▶ **Information shown**
+-------+

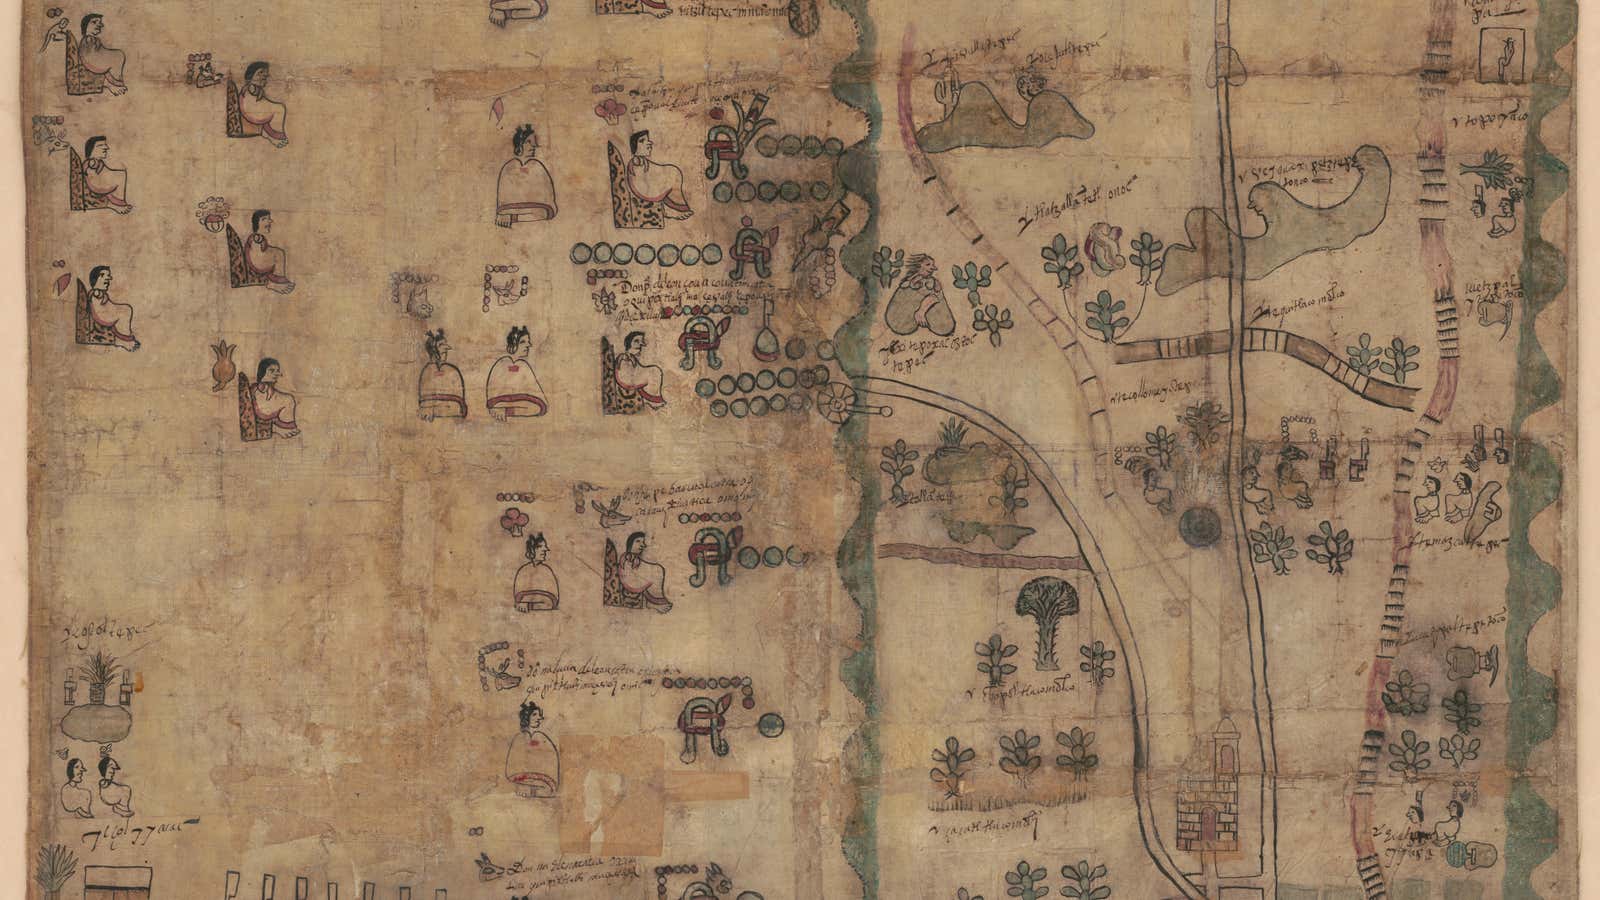 The Codex Quetzalecatzin
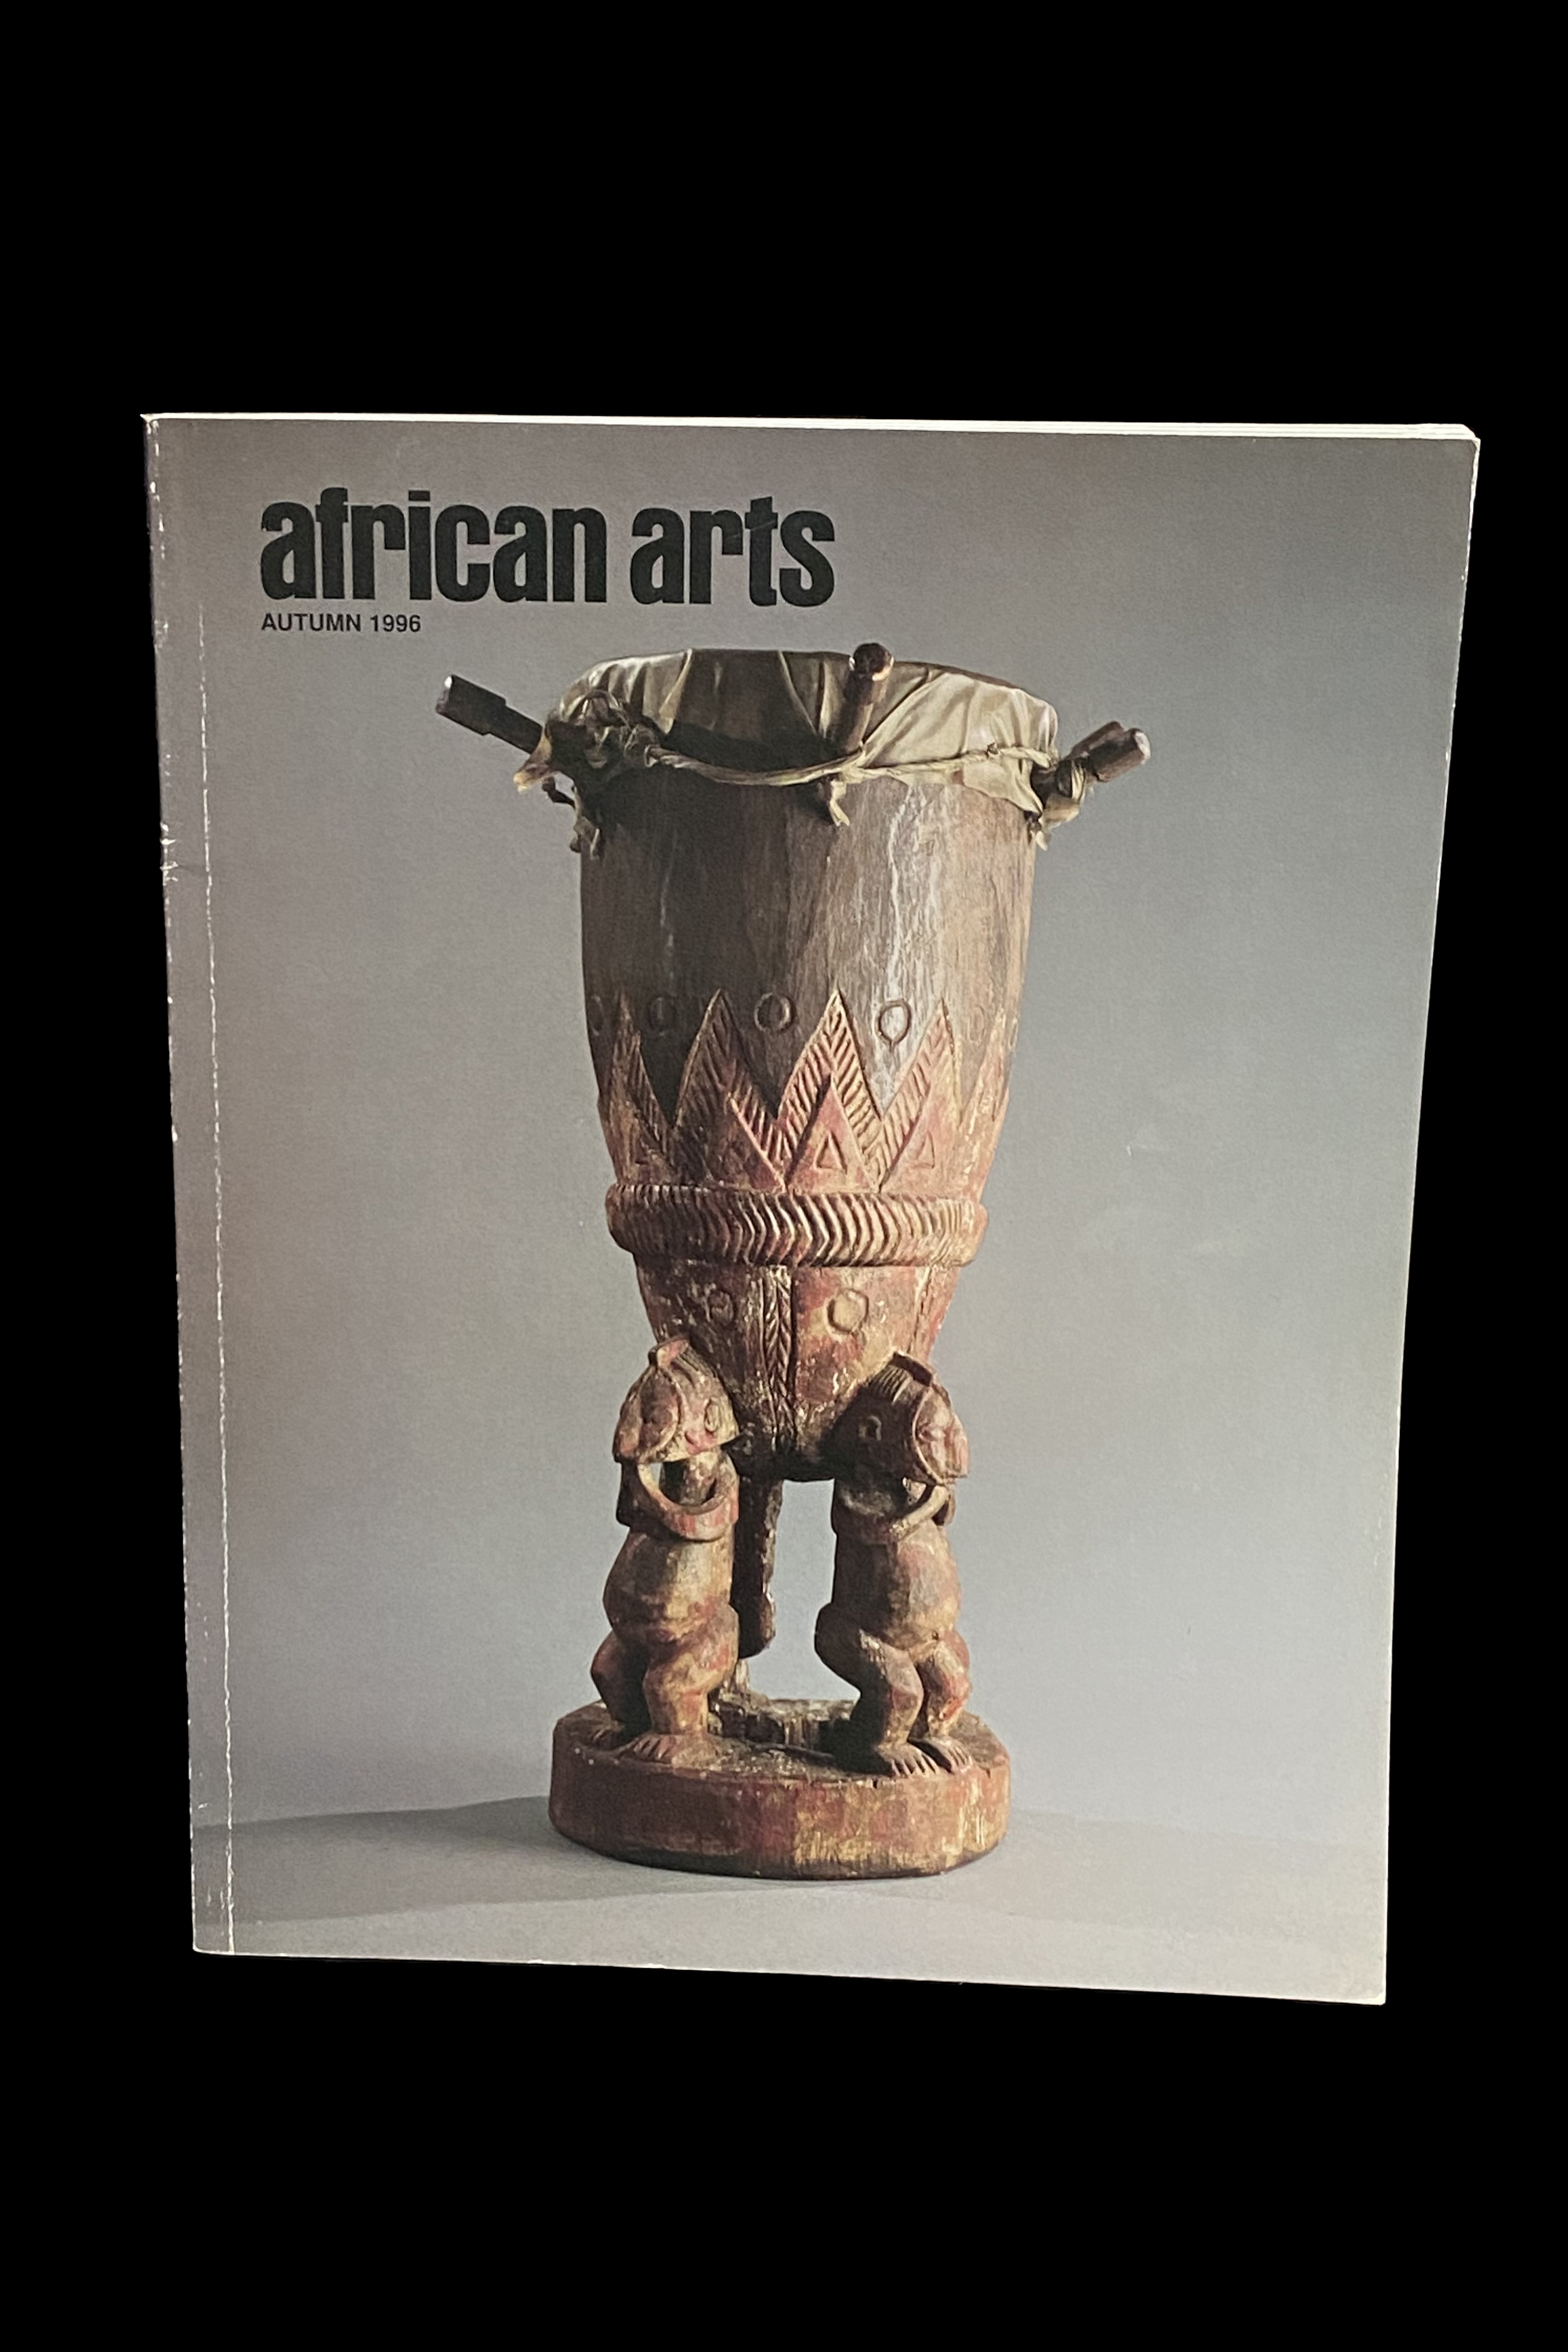  African Arts Magazine - Autumn 1996
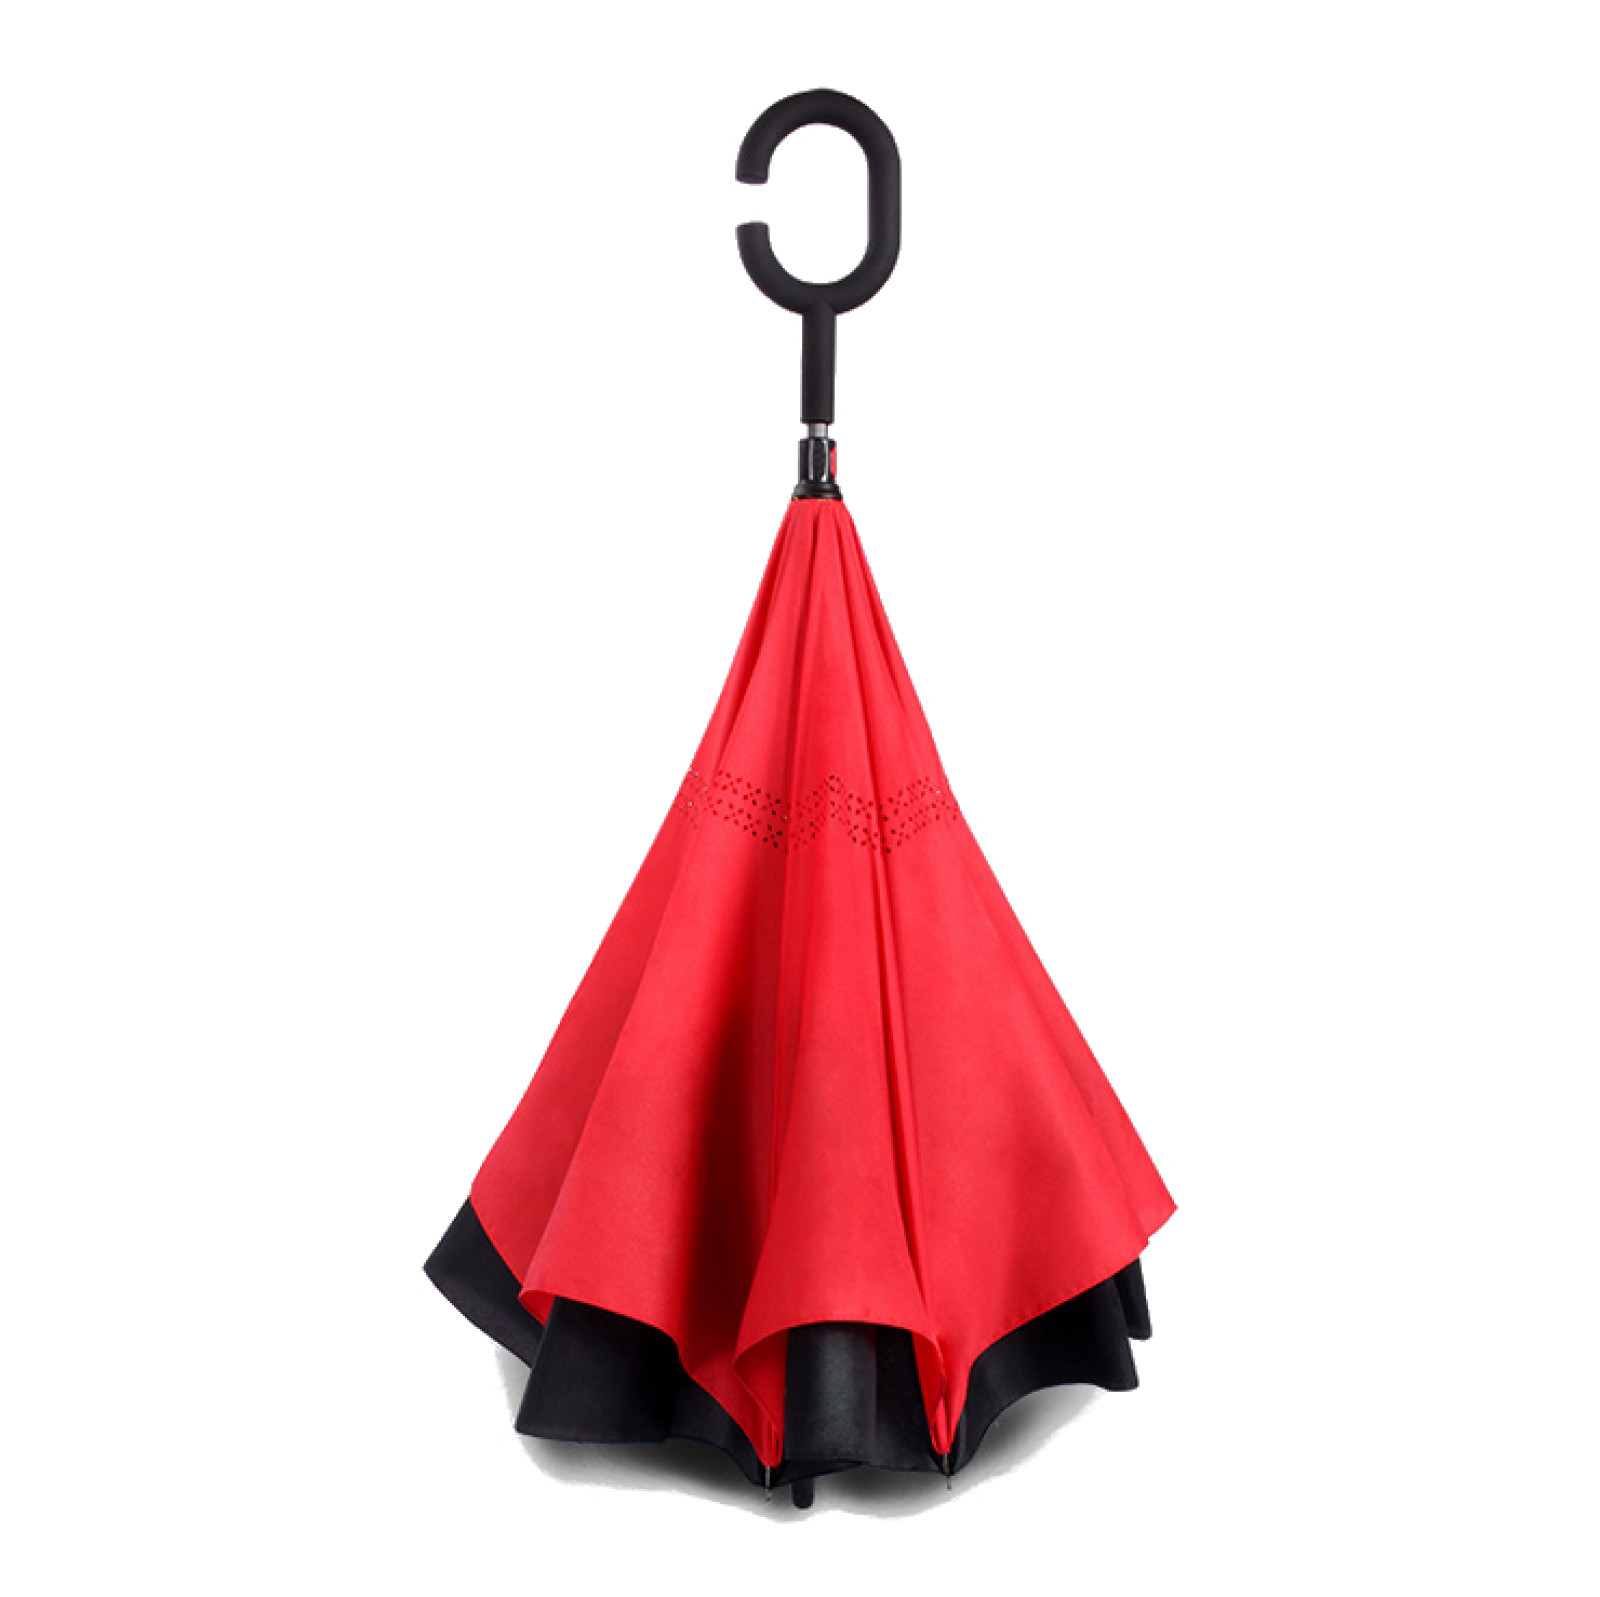 Зонт обратного сложения, антизонт, умный зонт, зонт наоборот Up Brella Красный 151024
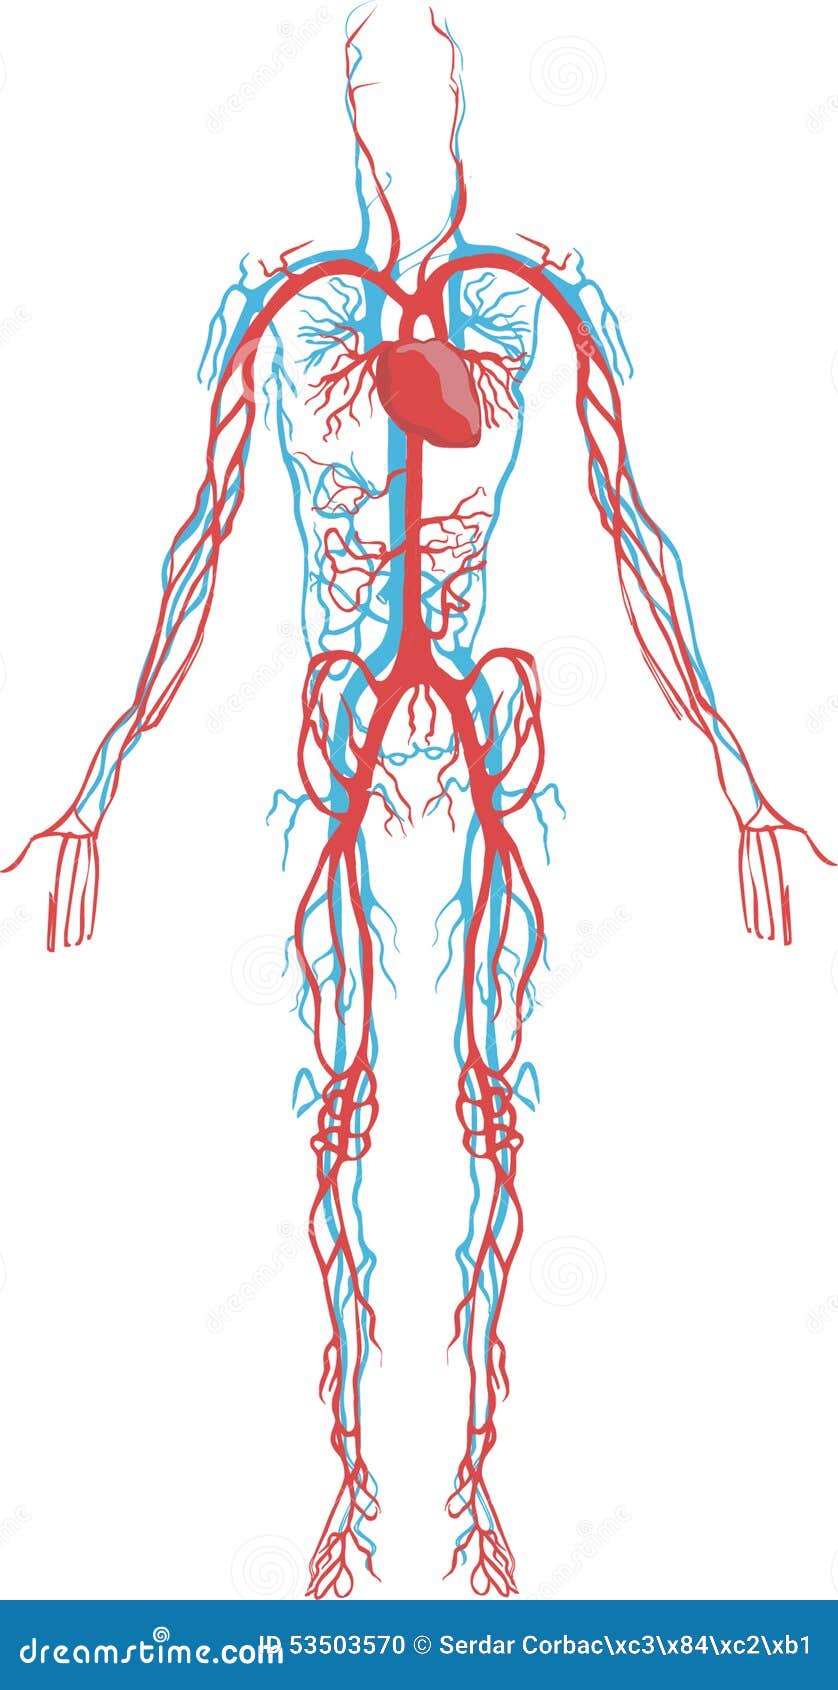 Воды сосуды человека. Кровеносная система в теле человека. Система кровообращения человека кровеносные сосуды. Система кровообращения человека сердце и кровеносные сосуды. Кровеносная система человека анатомия.

+-------+

▶ **Problem**
The reply should contain all of the data above, word for word, with no pictures.

▶ **Output of the task**
 The Codex Quetzalecatzin
  African Arts Magazine - Autumn 1996
 Зонт обратного сложения, антизонт, умный зонт, зонт наоборот Up Brella Красный 151024
 Воды сосуды человека. Кровеносная система в теле человека. Система кровообращения человека кровеносные сосуды. Система кровообращения человека сердце и кровеносные сосуды. Кровеносная система человека анатомия.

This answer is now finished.